Epitope-based vaccines are short oligopeptides derived from antigen that are used after antigen presentation to T-cells to prevent diseases like type I hypersensitivity. During antigen presentation, epitopes are bound with major histocompatibility complex (MHC) protein molecules. Peptide vaccines based on multiple T-cell epitopes can be administered for the rational use of immunogens among distinct ethnic populations, while providing numerous potential advantages over conventional vaccines. The advantages are more accurate regulation of the immune response activation, concentrating on most appropriate antigenic regions of a group of proteins (which are conserved and immunodominant in nature), as well as having advantages for production and biosafety. CD4+ T-cell epitopes display an important role in epitope-based vaccine design.
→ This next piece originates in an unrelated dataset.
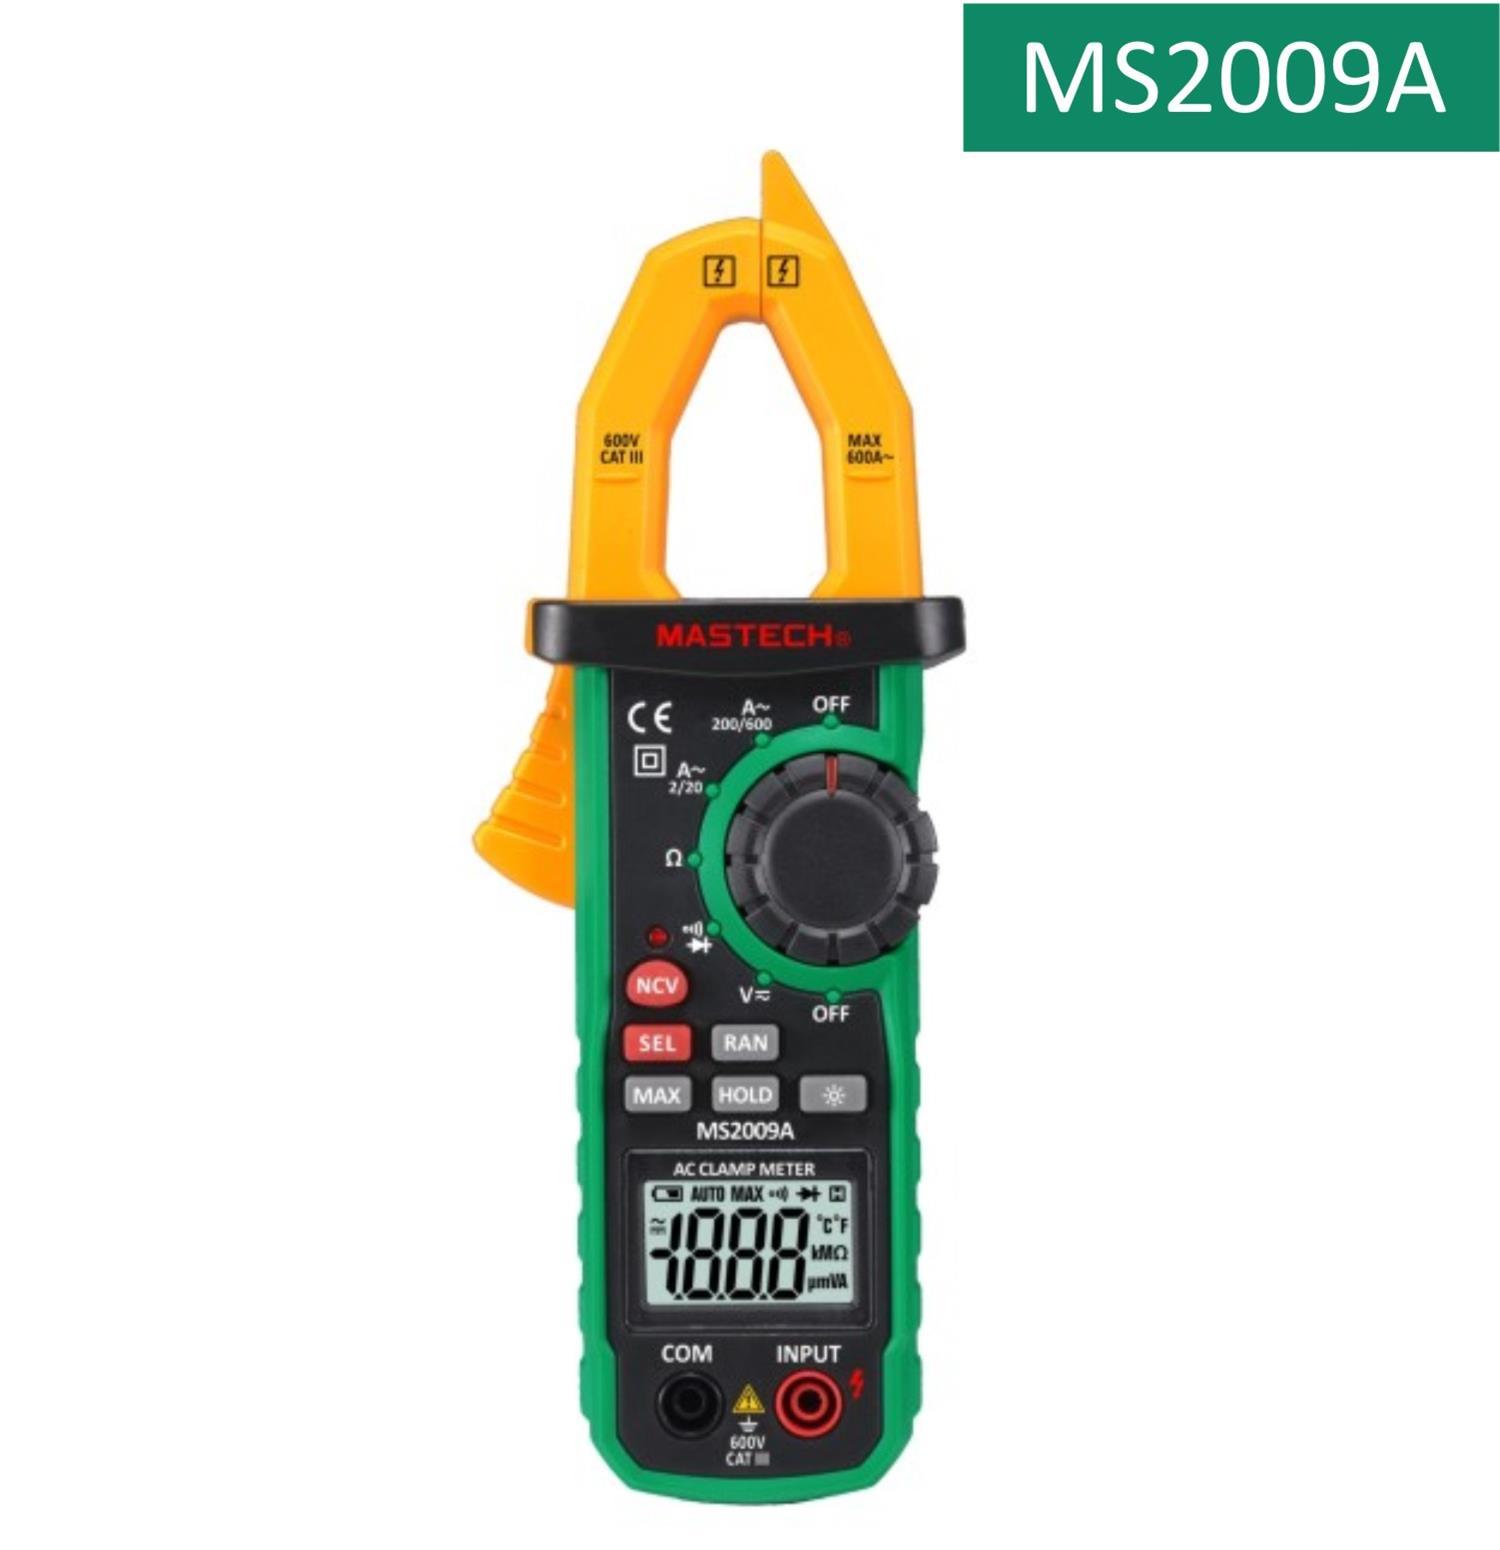 MS2009A

The help of these cells is indispensable for the production of strong humoral and cytotoxic CD8+ T-cell responses. But the immune response to T-cell epitopes is limited only by HLA proteins. As a result, the HLA selectivity for T-cell epitopes develops a major constraint for epitope-based vaccine design, for genetically varied human populations. Two important factors cause major problems in epitope-based vaccine design. The most common problem is that MHC class II alleles are synthesized in different amounts in different ethnicities such as Asian and European populations. The second problem is that MHC class II genes are the most polymorphic genes in nature found in the human genome. Since the experimental testing of large sets of peptides of MHC molecules is very time-consuming as well as costly, in silico methods are more sought after methods to overcome these problems. Criteria-based analysis predicts two epitopes on this pollen allergen: YVADDGDIV and WRMDTAKAL. The T cell epitopes identified in this study provide insight into a peptide-based vaccine for type I hypersensitivity reaction induced by the Zea m 1 pollen allergen.

5. Conclusions

The crucial part of epitope-based vaccine design is its validation through in vivo and in vitro methods. Although two nonapeptides are identified by various motif based, statistical and structure-based methods, the experimental verification two epitopes YVADDGDIV and WRMDTAKAL is necessary to construct a vaccine against the Zea m 1 pollen allergen. This research work provides not only a novel pathway to design a peptide-based vaccine design for the Zea m1 pollen allergen, but at the same time the effectiveness of these two T cell epitopes is verified for 14 grass pollen allergens. Cross-reactivity occurs very frequently among these pollen allergen molecules due to very high sequence similarity in antigenic protein sequences. Almost conserved epitope sequences in these homologous proteins indicate the effectiveness of these predicted epitopes as probable vaccines for group 1 grass allergens. Population coverage calculation shows their efficiency in Asian populations. From a diagnostic point of view, these two T cell epitopes have immense importance for detecting the sensitivity of an individual towards the Zea m 1 pollen allergen. By preparing a monoclonal antibody with these two epitopes, diagnosis of a susceptible individual for hypersensitivity reaction in contact with a grass pollen allergen is possible. Allergen immune therapy with YVADDGDIV and WRMDTAKAL epitopes, will reduce immunogenic reactions in Zea m 1 sensitive populations.